But private biopharmaceutical companies continue to make up about 30 percent of all M&A transactions, on par with contract development, manufacturing, and services companies.
In 2019, 64 private biotech companies were acquired for a total deal value of $14.4 billion, $5.8 billion upfront and $8.6 billion in contingent payments, an almost 22 percent drop from the 82 private biotech acquisitions in 2018. Still it should be noted that median M&A upfront for these companies rose 48 percent to $62 million from $42 million in 2018.

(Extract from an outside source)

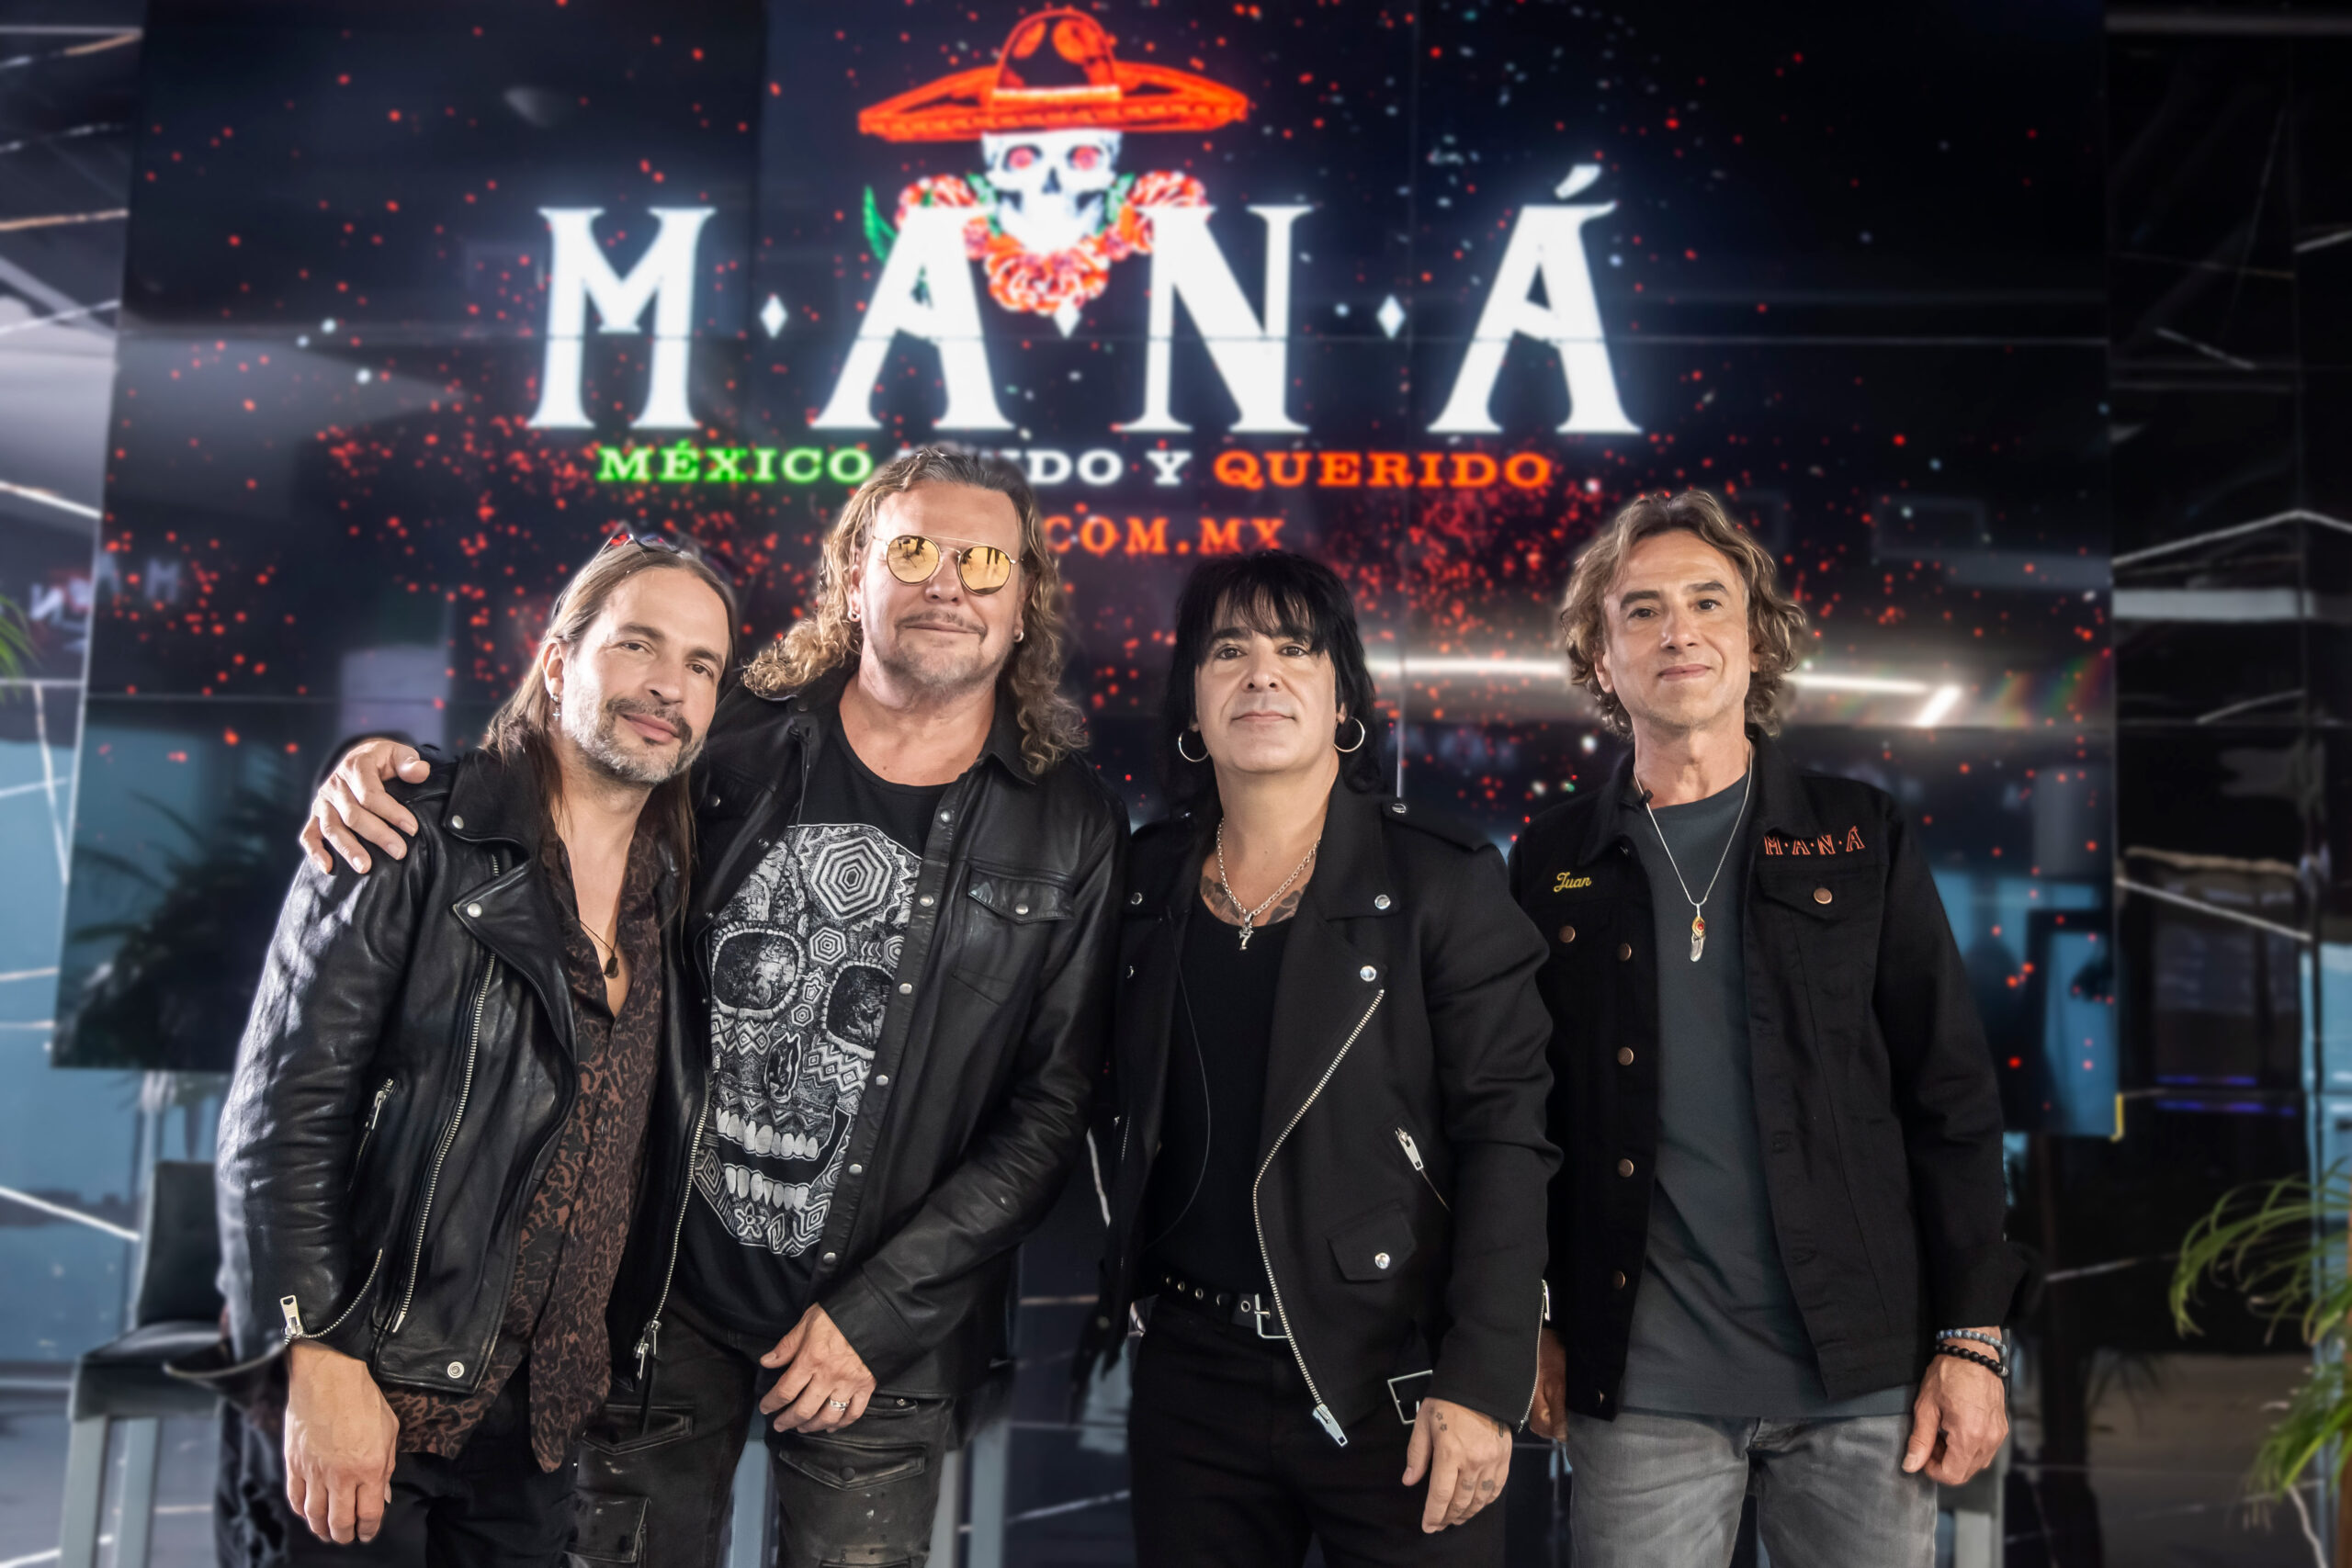 Maná anuncia su gira "México lindo y querido" Queretarock Music
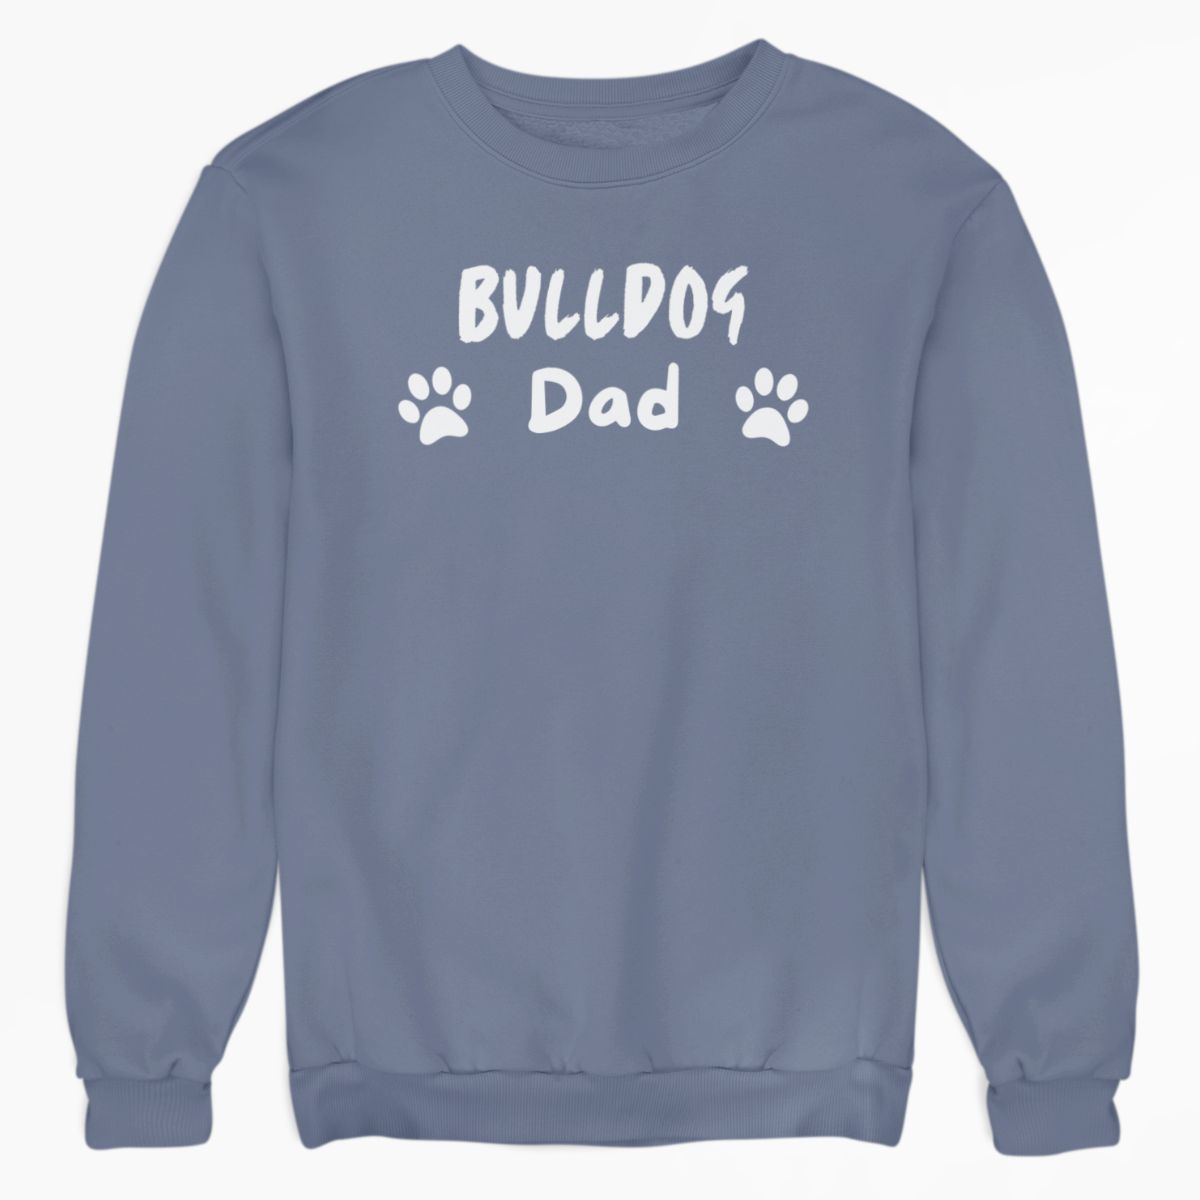 Bulldog Dad Shirt

Small and Mid-Cap Biopharma M&A
Mid Cap biotech companies continue to account for only a handful of deals, and while the number of small cap biotech targets has grown, the total deal value of small and mid-cap biopharma M&A dropped 63 percent to $42.7 billion in 2019 compared to $113.9 billion in 2018. Again the median upfront cash rose 62 percent to $985 million in 2019 compared to $607 million in 2018.
Biopharma M&A in 2020?
How does this bode for M&A activity in 2020? Though the biotech industry’s original members lost Celgene in 2019, the remaining class of Big Biotechs — Amgen, Biogen, Gilead Sciences, along with Regeneron and Vertex — have weathered the ups and downs of drug development and remain strong. And there is a rising class of mid- to large-cap companies that could be takeover targets: Alnylam, Sarepta, BioMarin, to name a few. Positive data from trials of emerging gene therapies, RNAi therapies, and cell therapies bode well for a strong year for the industry as years of research are bearing fruit with the advent of medicines that have the potential to improve patients’ lives and cure disease.
Marie Daghlian is a freelance writer and editor who reports on the business of biotechnology and healthcare technologies. She also covers the industry for Big4Bio, a daily newsletter focused on the four major biotech centers in the United States.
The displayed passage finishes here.